Listed records:
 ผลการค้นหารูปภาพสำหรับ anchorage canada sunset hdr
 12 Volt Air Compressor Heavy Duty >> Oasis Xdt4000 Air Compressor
...
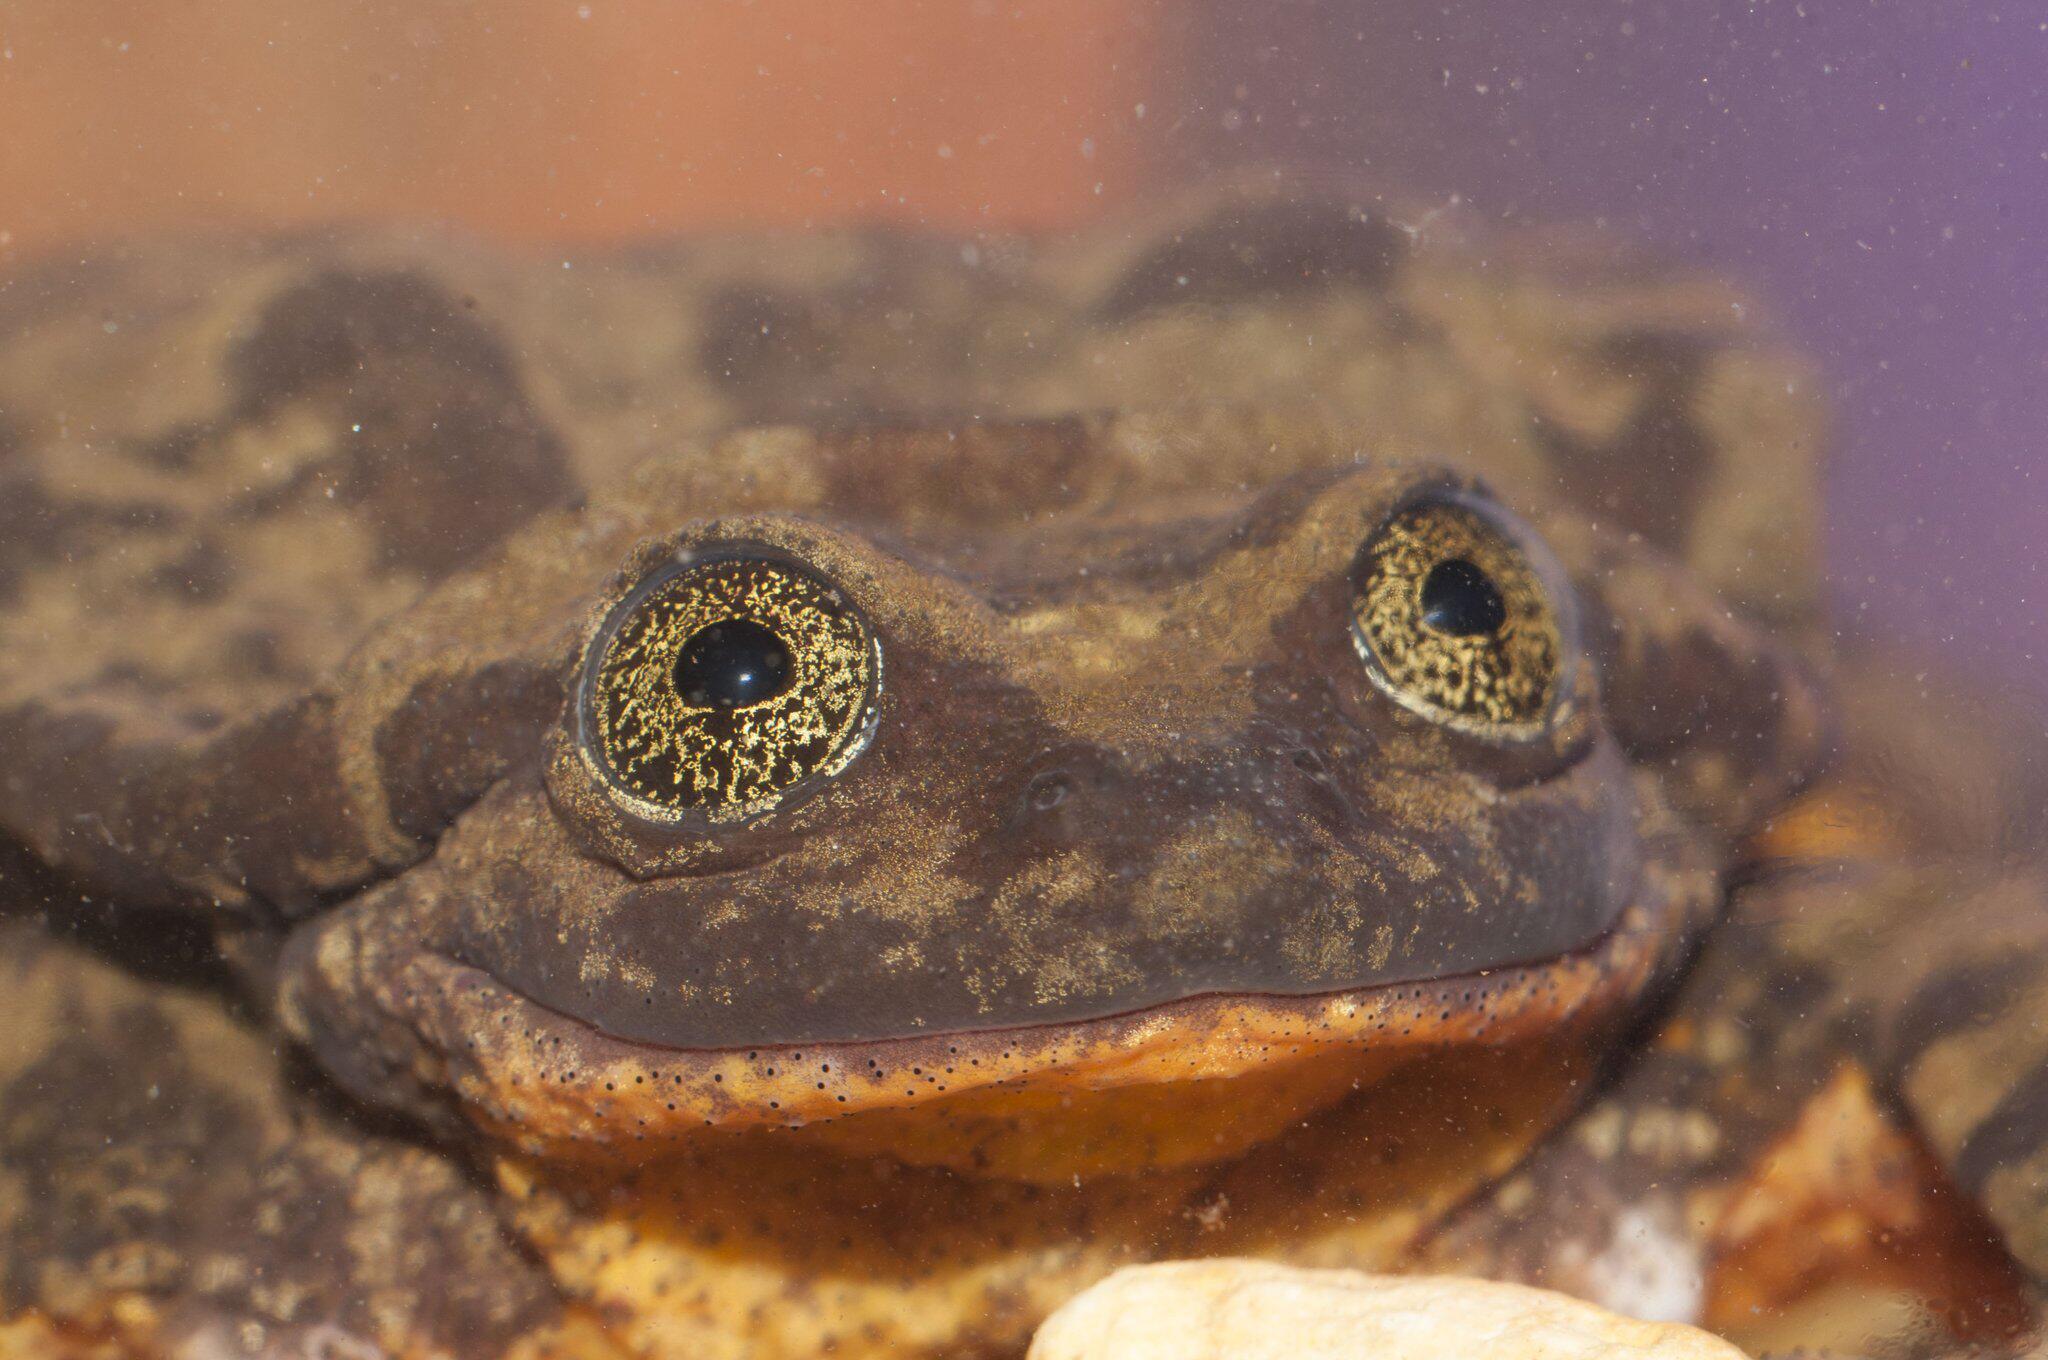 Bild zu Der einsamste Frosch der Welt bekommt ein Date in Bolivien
* * *
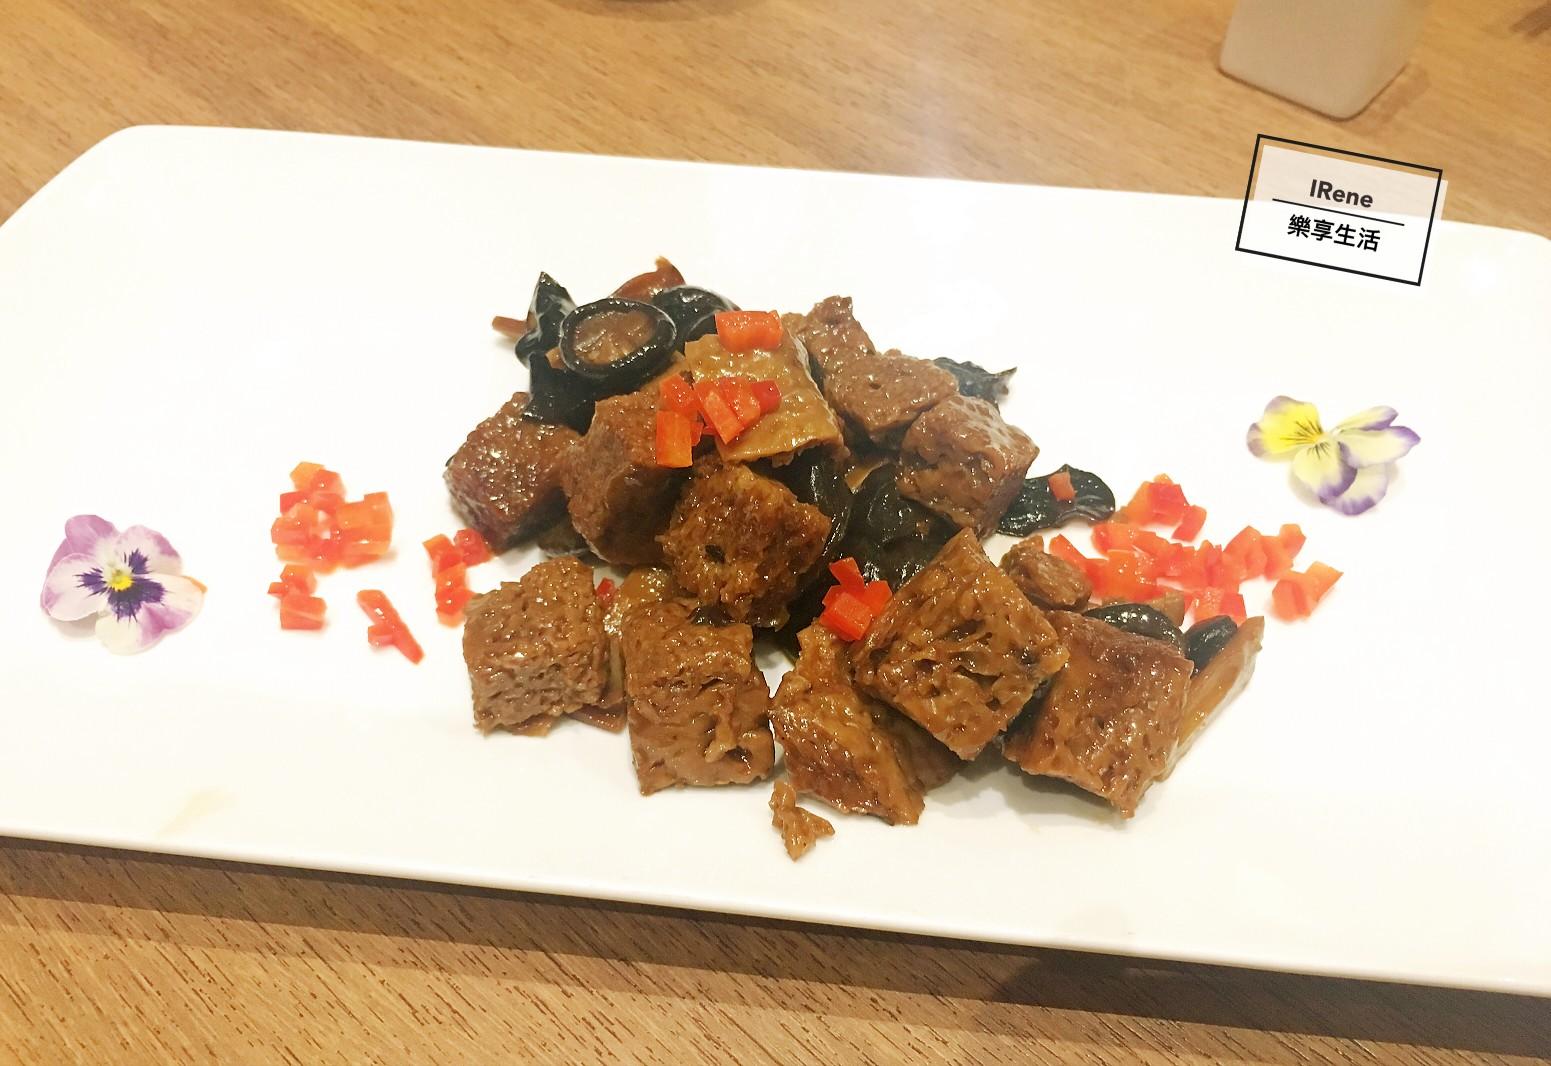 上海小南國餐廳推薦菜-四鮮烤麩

Assignment:
In the listing above, find the line with "ผลการค้นหารูปภาพสำหรับ anchorage canada" and the line with "12 Volt Air", then print exactly those lines and every line between them.

Solution for this problem:
 ผลการค้นหารูปภาพสำหรับ anchorage canada sunset hdr
 12 Volt Air Compressor Heavy Duty >> Oasis Xdt4000 Air Compressor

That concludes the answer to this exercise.